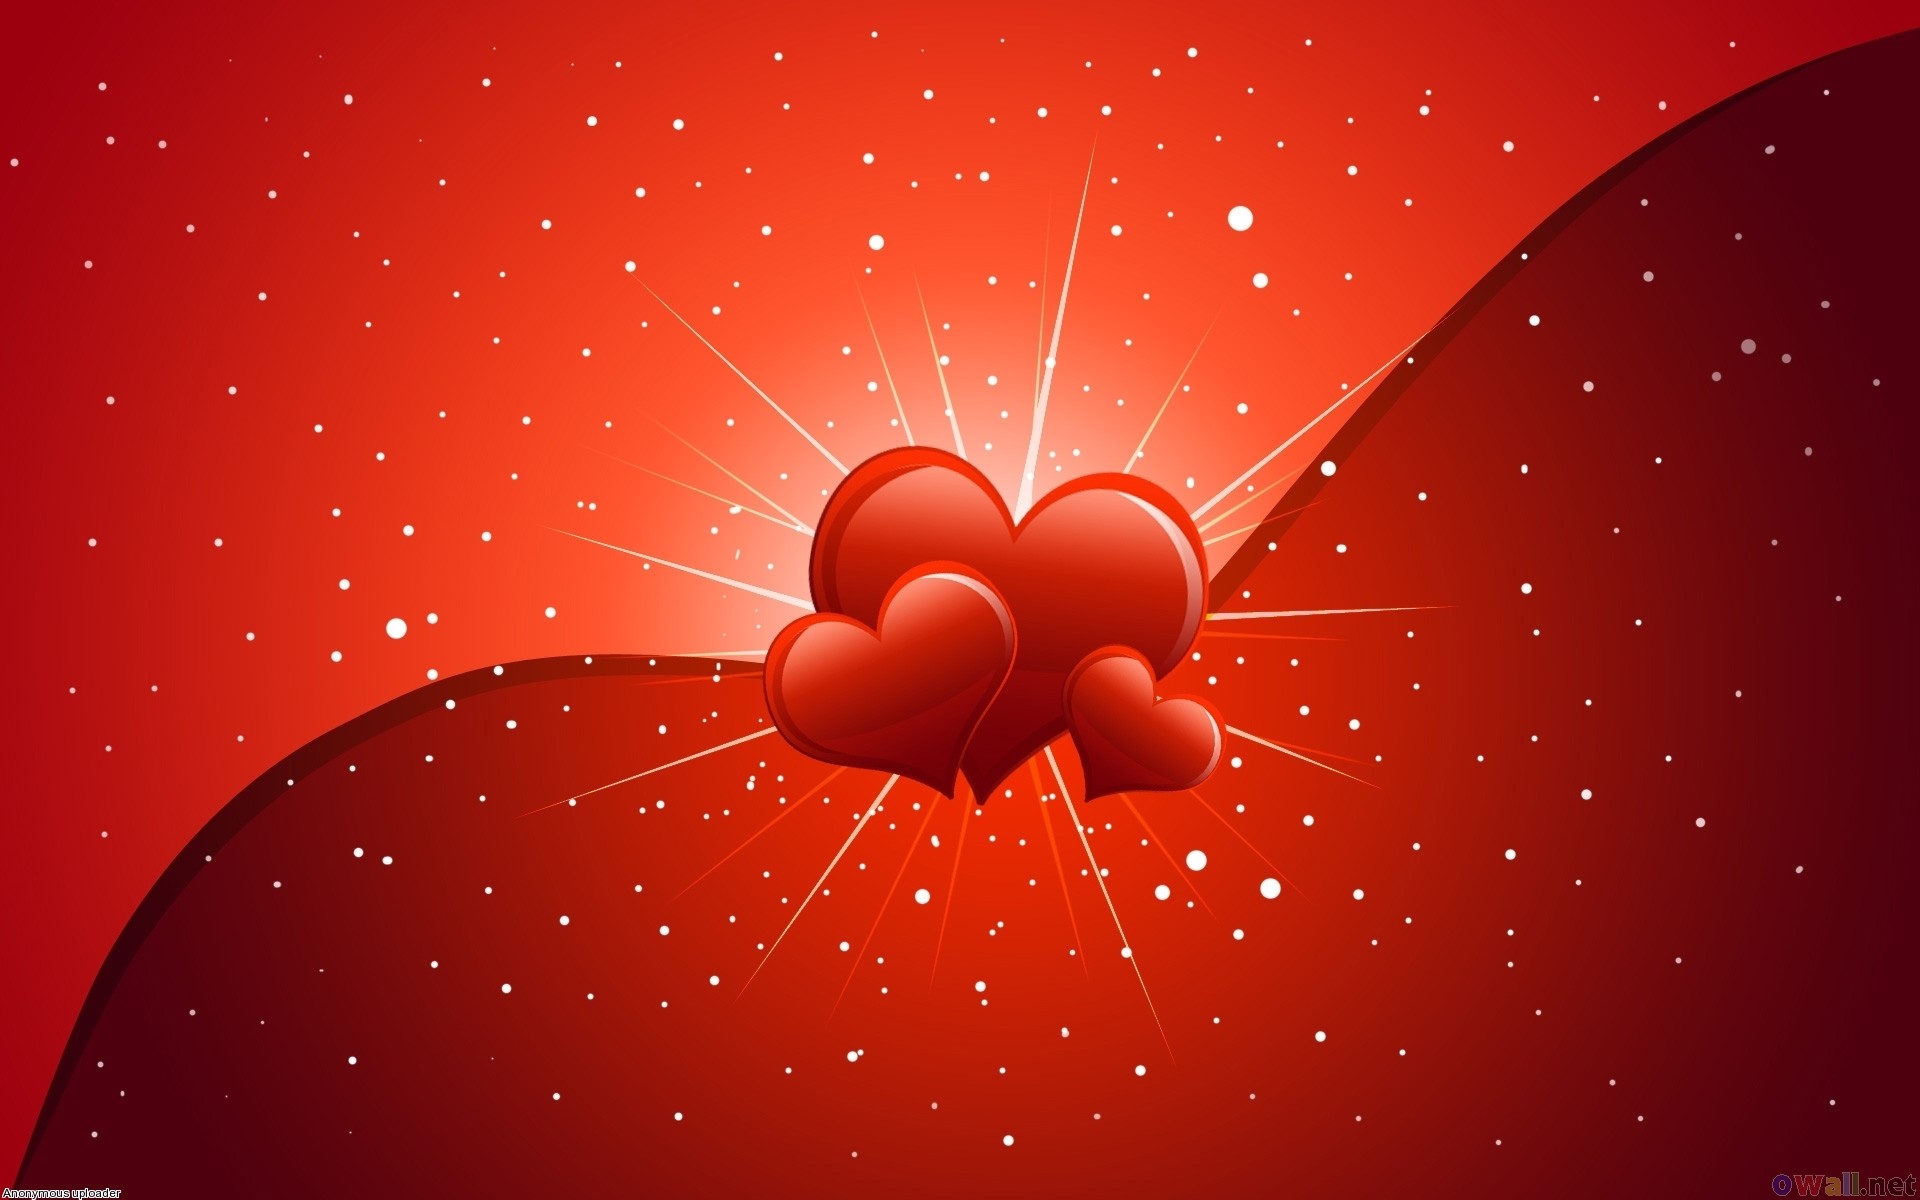 1920x1200 Love Hearts Backgrounds wallpaper images about â«Jewel Heart Wallpaperâ« on  Pinterest iPhone 
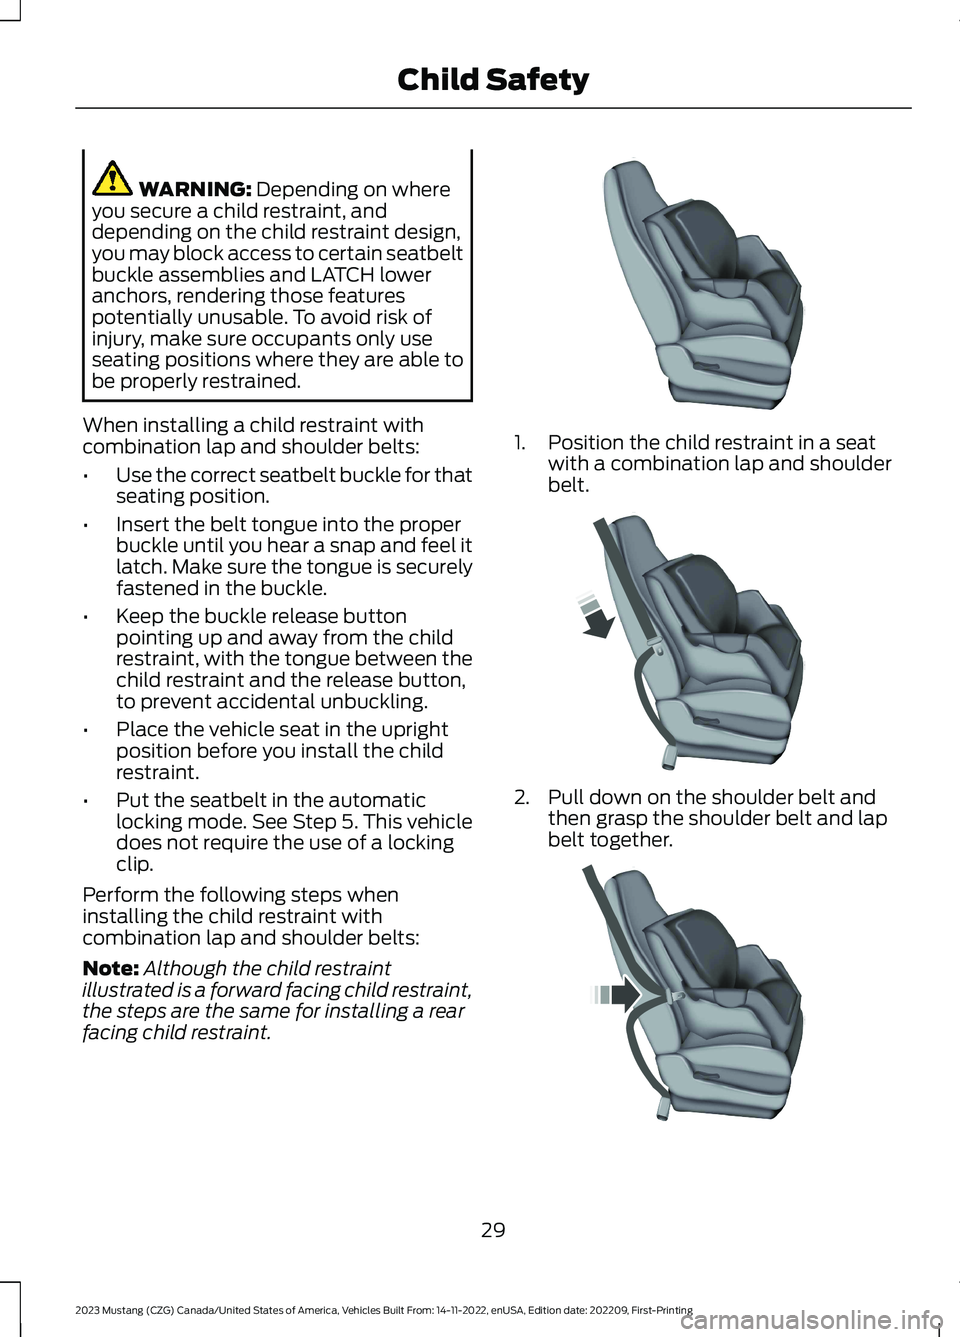 FORD MUSTANG 2023  Owners Manual WARNING: Depending on whereyou secure a child restraint, anddepending on the child restraint design,you may block access to certain seatbeltbuckle assemblies and LATCH loweranchors, rendering those fe
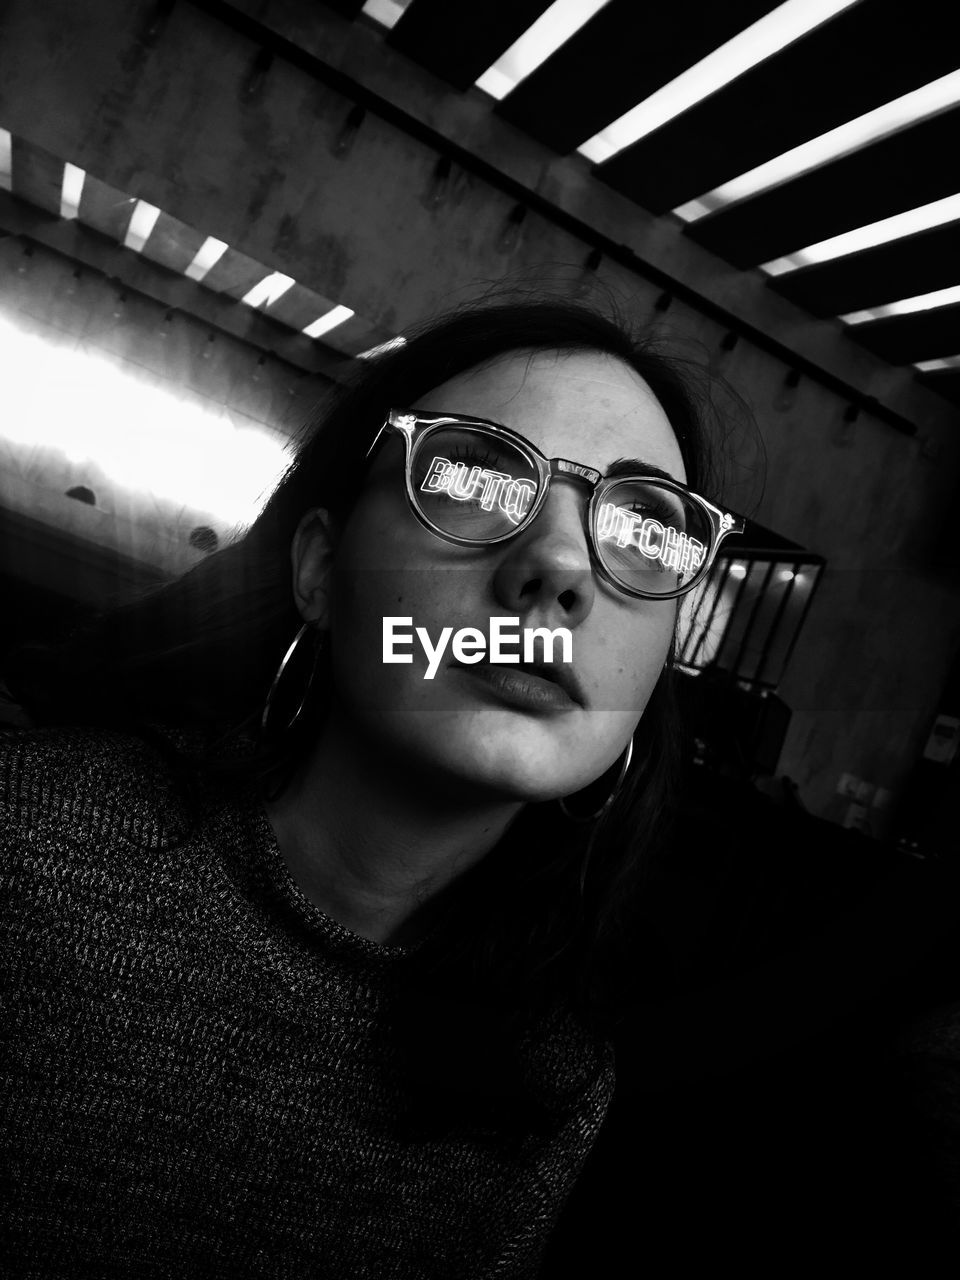 Woman wearing eyeglasses with reflection of text

What is expected> Copy the material above exactly and drop the pictures.

Task response>
 1920x1200 Love Hearts Backgrounds wallpaper images about â«Jewel Heart Wallpaperâ« on  Pinterest iPhone 
 FORD MUSTANG 2023  Owners Manual WARNING: Depending on whereyou secure a child restraint, anddepending on the child restraint design,you may block access to certain seatbeltbuckle assemblies and LATCH loweranchors, rendering those fe
 Woman wearing eyeglasses with reflection of text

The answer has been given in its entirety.